Polynomial regression with RandomForestRegressor metrics:
R2 score: 0.42290021016924506
Mean squared error: 3620.1537573033706
Mean absolute error: 48.30337078651685


## Building a pipeline

In [39]:
from sklearn.pipeline import Pipeline

# Define the models
models = [
    ("linearReg", LinearRegression()), #Deterministic process
    ("sgdR", SGDRegressor(max_iter=10000, random_state=42)),  # Added random_state
    ("dtr", DecisionTreeRegressor(random_state=42)),  # Added random_state
    ("rf", RandomForestRegressor(random_state=42)),  # Added random_state
    ("knn", KNeighborsRegressor()), #Deterministic process
    ("rf_pf", Pipeline(steps=[('pf', PolynomialFeatures(degree=2)), 
                              ('random_forest', RandomForestRegressor(random_state=42))])),  # Added random_state
]                  # Iterate through models to create pipelines and evaluate
for name, model in models:
    # Create a pipeline with the model
    pipeline = Pipeline(steps=[(name, model)])
    
    # Train the model using the pipeline
    pipeline.fit(X_train, y_train.squeeze())
    
    # Make predictions on the test set using the pipeline
    y_pred = pipeline.predict(X_test)

    # Calculate and print performance metrics
    print(f"Model: {name}")
    print(f"R2 score: {r2_score(y_test, y_pred)}")
    print(f"Mean absolute error: {mean_absolute_error(y_test, y_pred)}")
    print(f"Mean squared error: {mean_squared_error(y_test, y_pred)}")
    print("\n")

Model: linearReg
R2 score: 0.4679266274292606
Mean absolute error: 46.678080381788696
Mean squared error: 3337.702513178748


Model: sgdR
R2 score: 0.4668395507657843
Mean absolute error: 46.65764240388375
Mean squared error: 3344.5217578520387


Model: dtr
R2 score: -0.004305863289243206
Mean absolute error: 64.71910112359551
Mean squared error: 6300.0224719101125


Model: rf
R2 score: 0.45040798104375235
Mean absolute error: 48.67808988764045
Mean squared error: 3447.5971876404496


Model: knn
R2 score: 0.4517731832093388
Mean absolute error: 44.84719101123596
Mean squared error: 3439.0332584269663


Model: rf_pf
R2 score: 0.440022854044815
Mean absolute error: 48.13101123595506
Mean squared error: 3512.743211235955




Final Model Selected: Random Forest with Polynomial Features

All models we have trained have reasonably close R2 scores and mean absolute error values.

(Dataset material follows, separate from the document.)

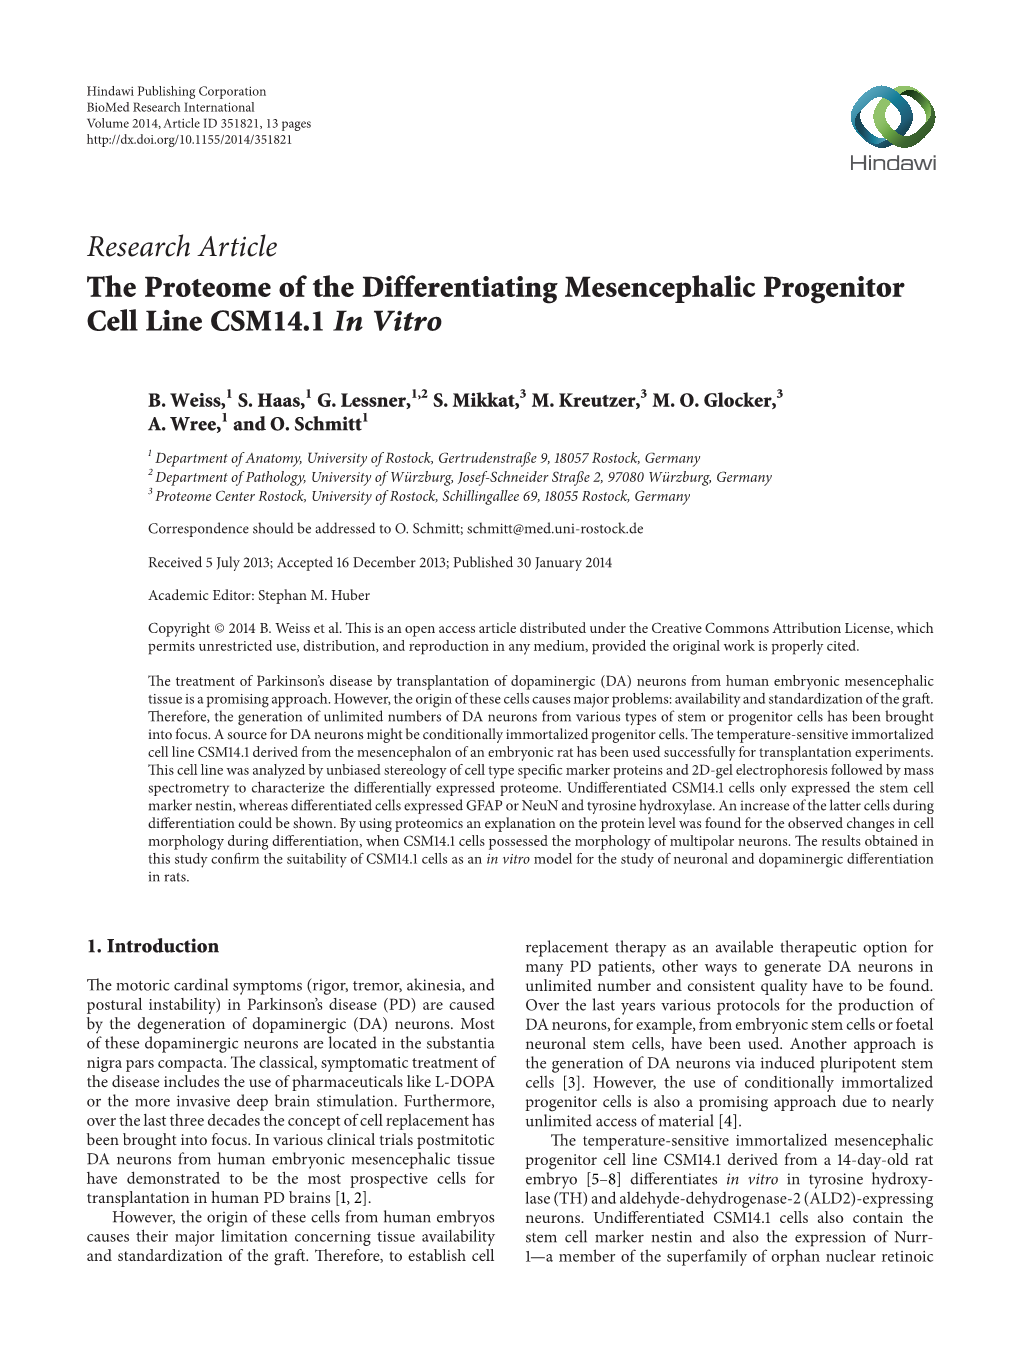 The Proteome of the Differentiating Mesencephalic Progenitor Cell Line CSM14.1 in Vitro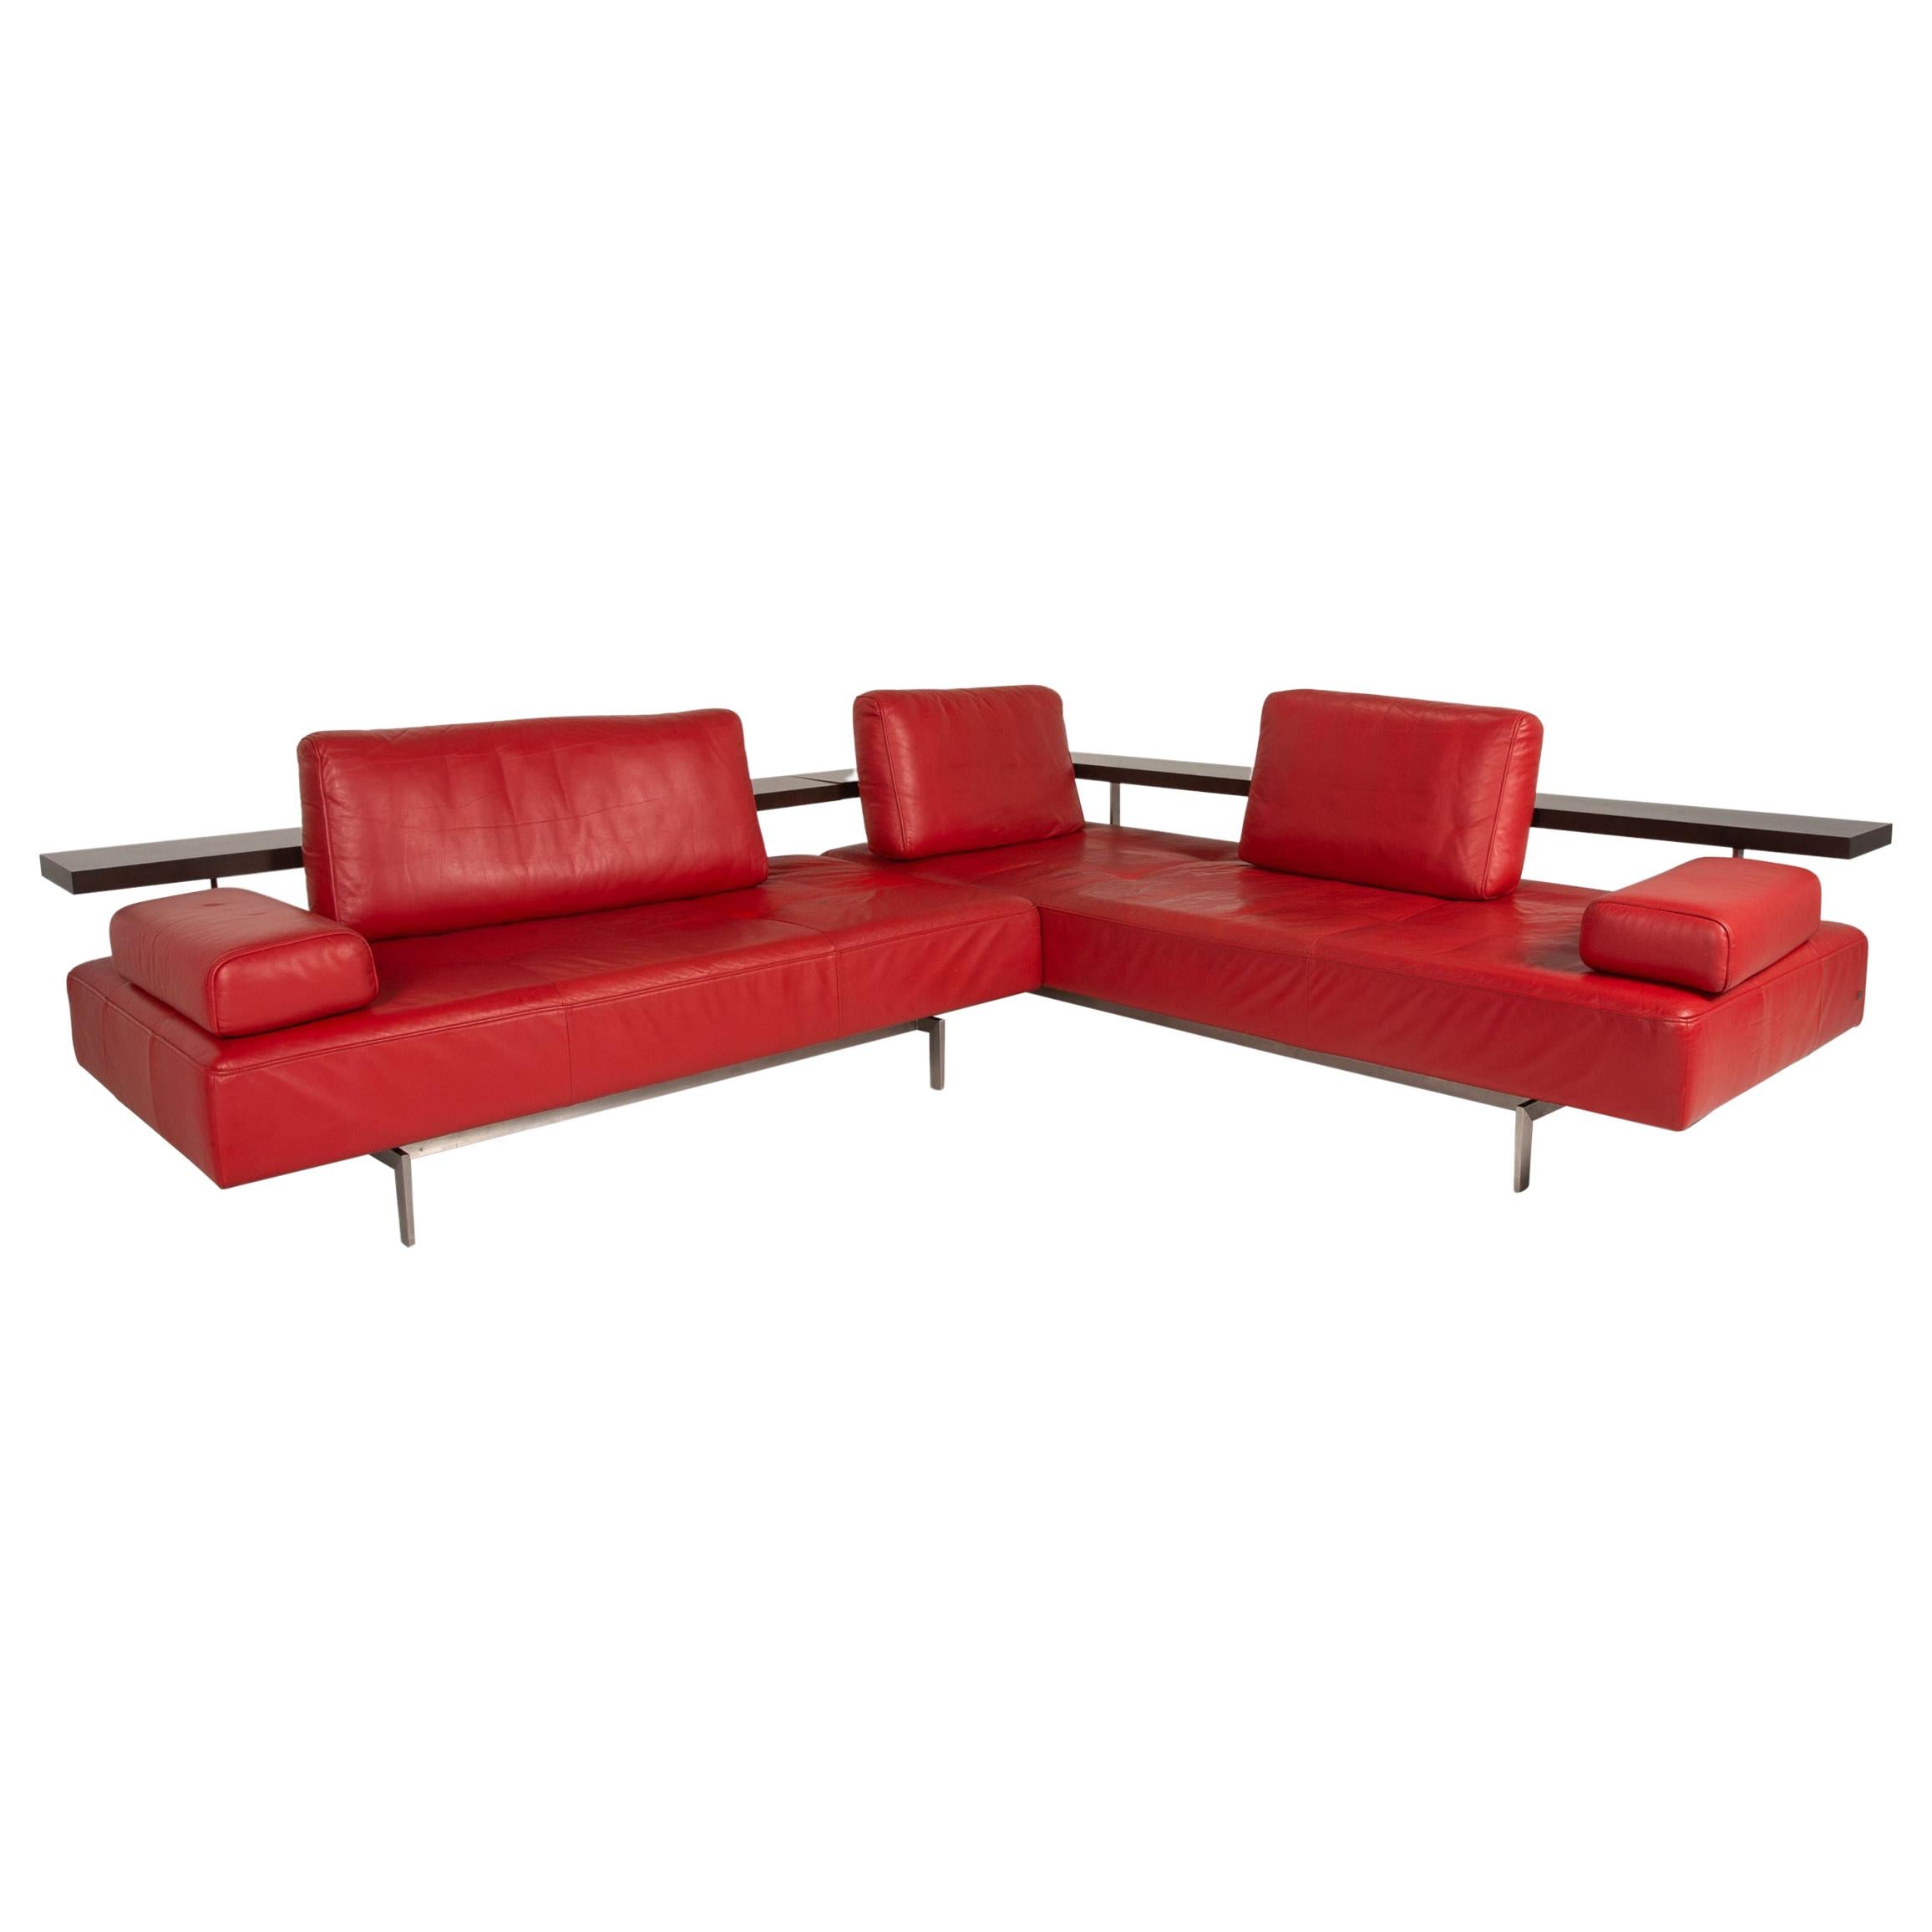 Rolf Benz Dono Leather Corner Sofa Red Couch Sofa For Sale

However, if we were to choose a single best model from these results, we might 
consider the Random Forest with Polynomial Features (rf_pf). This model has the highest 
R2 score and the lowest mean absolute error among all the models we trained. The R2 score for 
rf_pf is approximately 0.523, which is the highest, indicating that this model 
explains approximately 52.3% of the variance in the target variable. Furthermore, 
it has the lowest mean absolute error, which indicates that, on average, its 
predictions are closer to the actual values.

It's important to remember that these metrics only give us part of the picture. The best model for 
our application depends on various factors such as how the model will be used, the 
computational resources available, the importance of interpretability, and so on. 
Therefore, although the Random Forest with Polynomial Features is performing best 
in this particular run, it's important to consider these other factors in our final 
decision.

Also, we should bear in mind that these results can change if the train-test split 
changes, or if different parameter settings (like different degrees for Polynomial Features, 
different hyperparameters for the models, etc.) are used. Therefore, a good practice 
might be to use techniques like cross-validation and hyperparameter tuning to get 
more robust estimates of model performance and make a more informed choice.